> **SOURCE DATA**
►

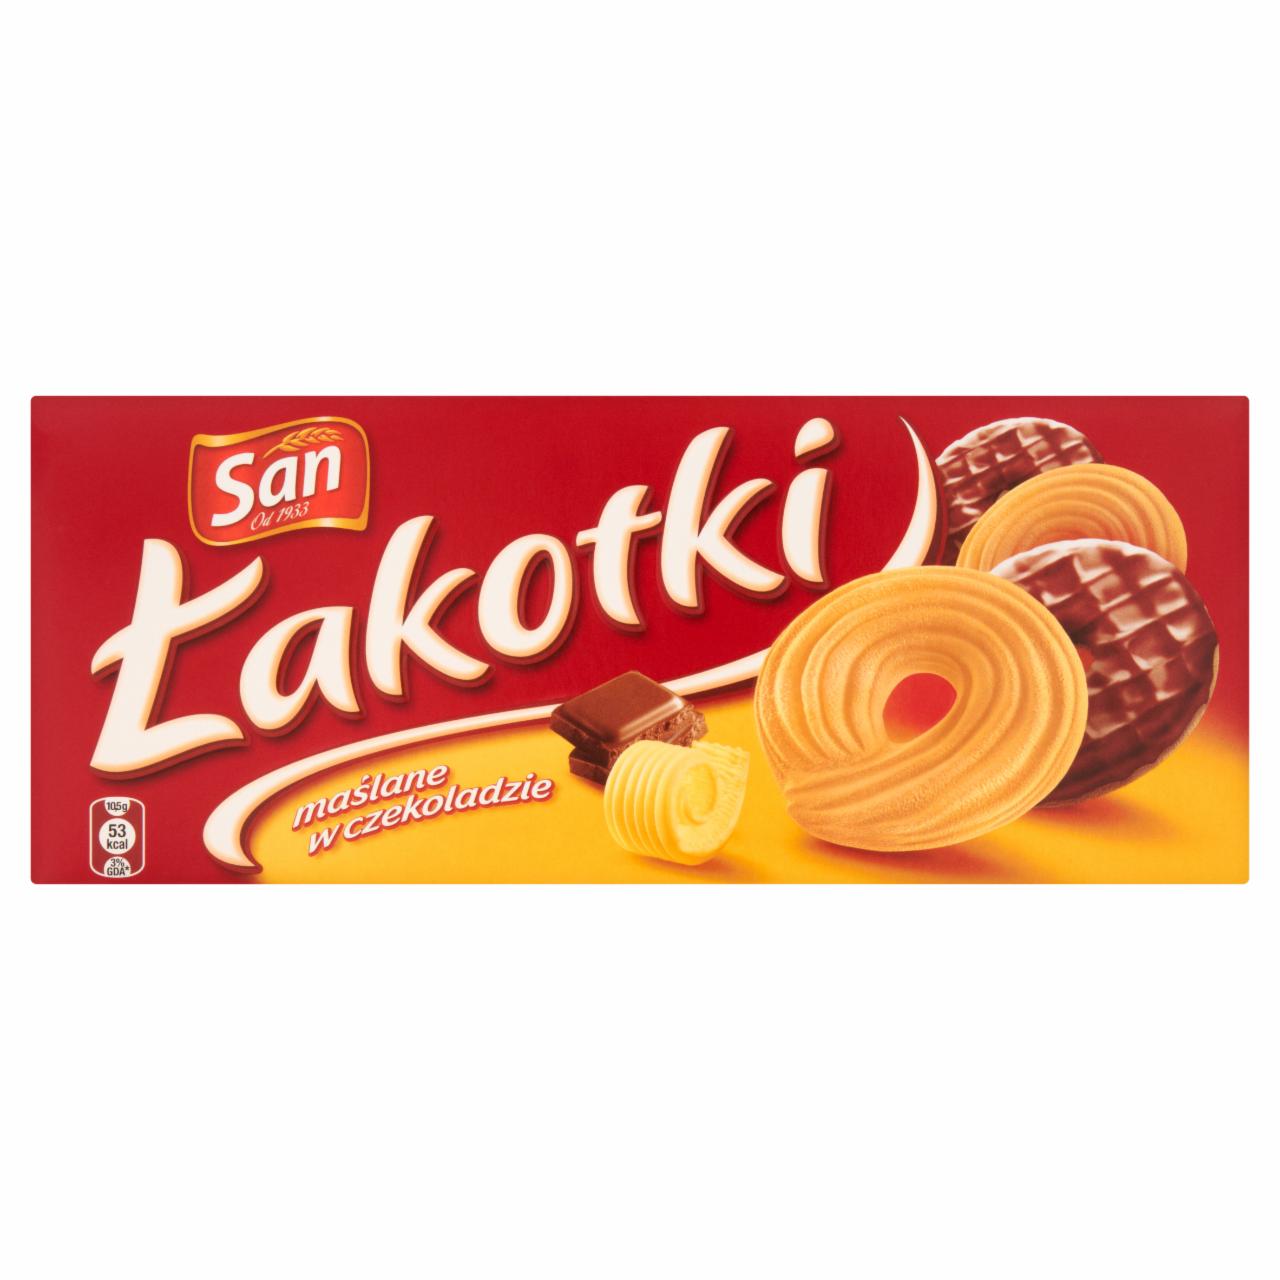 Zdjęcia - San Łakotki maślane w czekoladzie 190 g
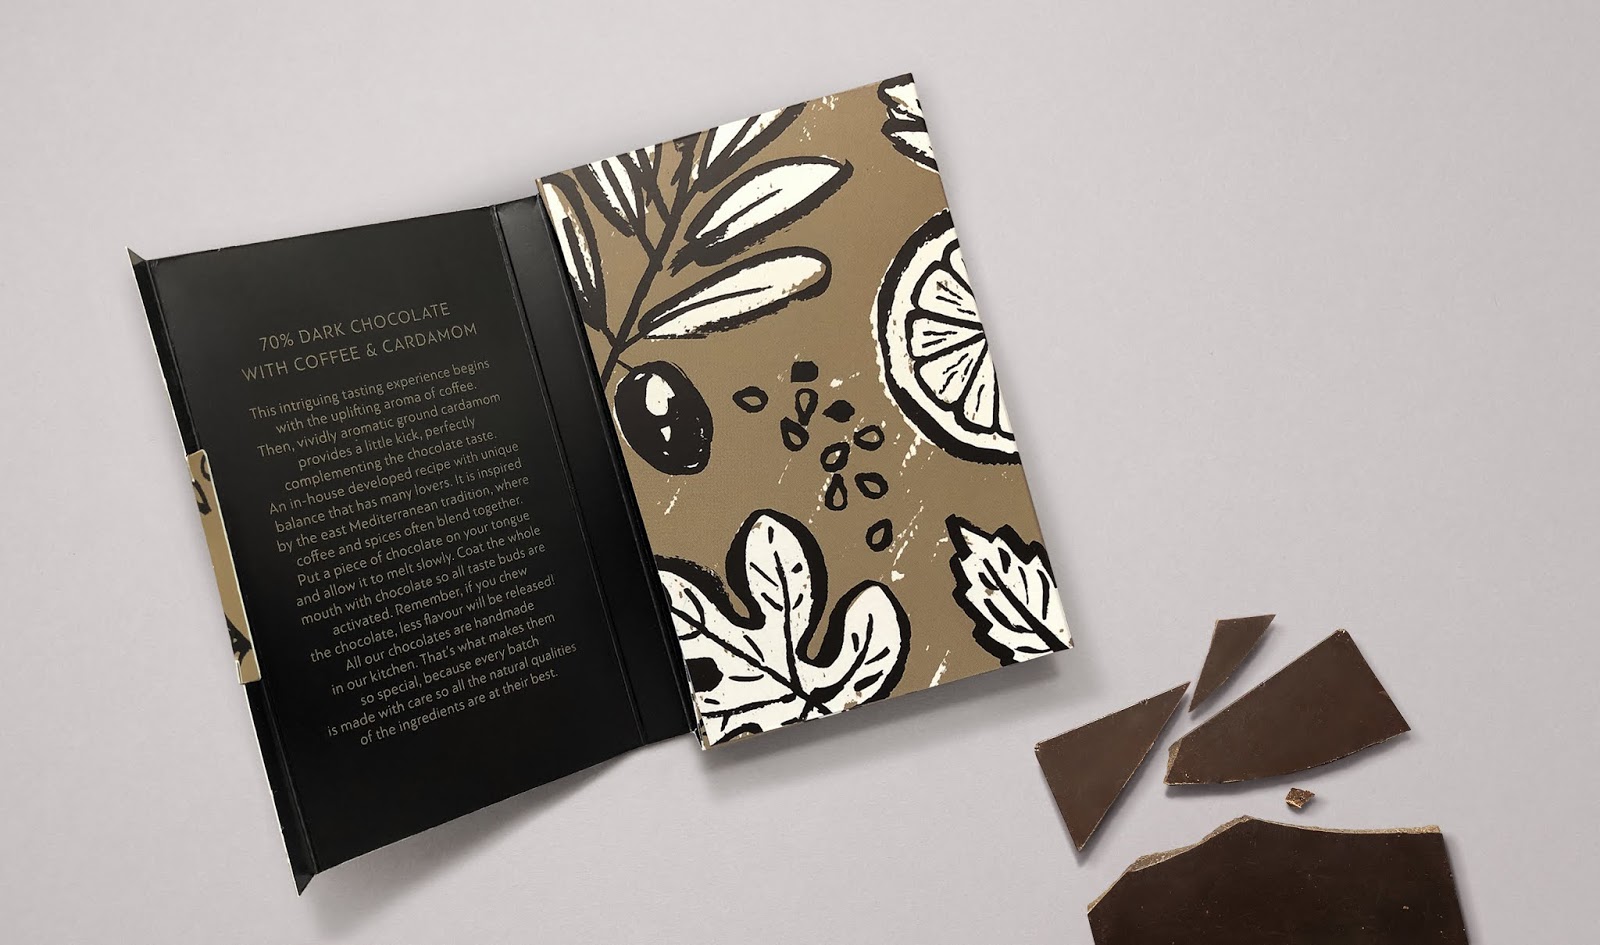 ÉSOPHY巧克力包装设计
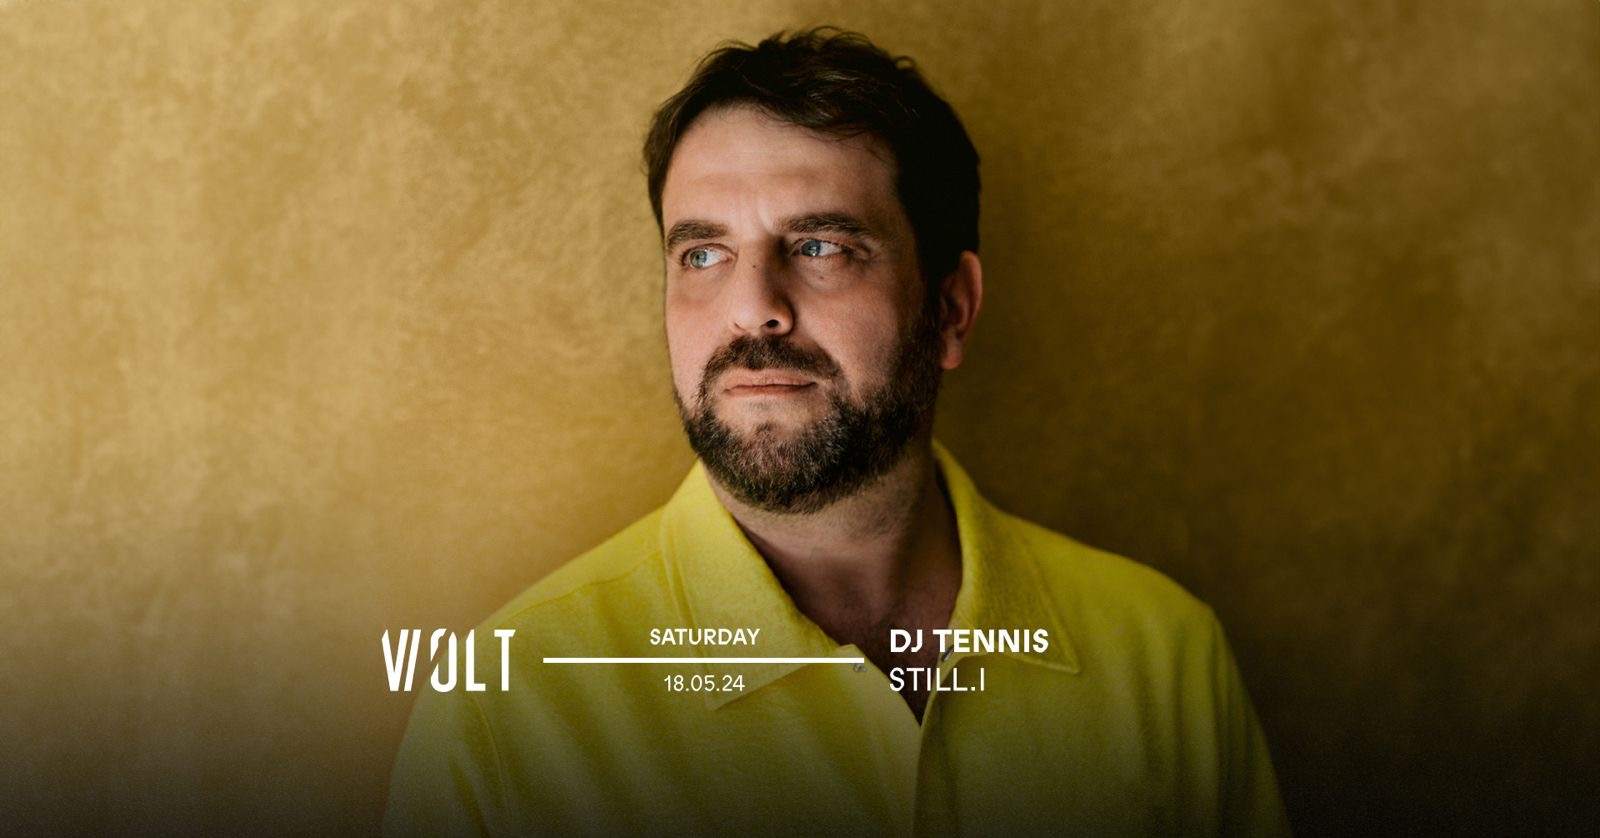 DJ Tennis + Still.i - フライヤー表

◄

A faithful copy of all the data above, without its pictures, is the expected result.

> **SOLVED PROBLEM**
 Zdjęcia - San Łakotki maślane w czekoladzie 190 g
 ÉSOPHY巧克力包装设计
 DJ Tennis + Still.i - フライヤー表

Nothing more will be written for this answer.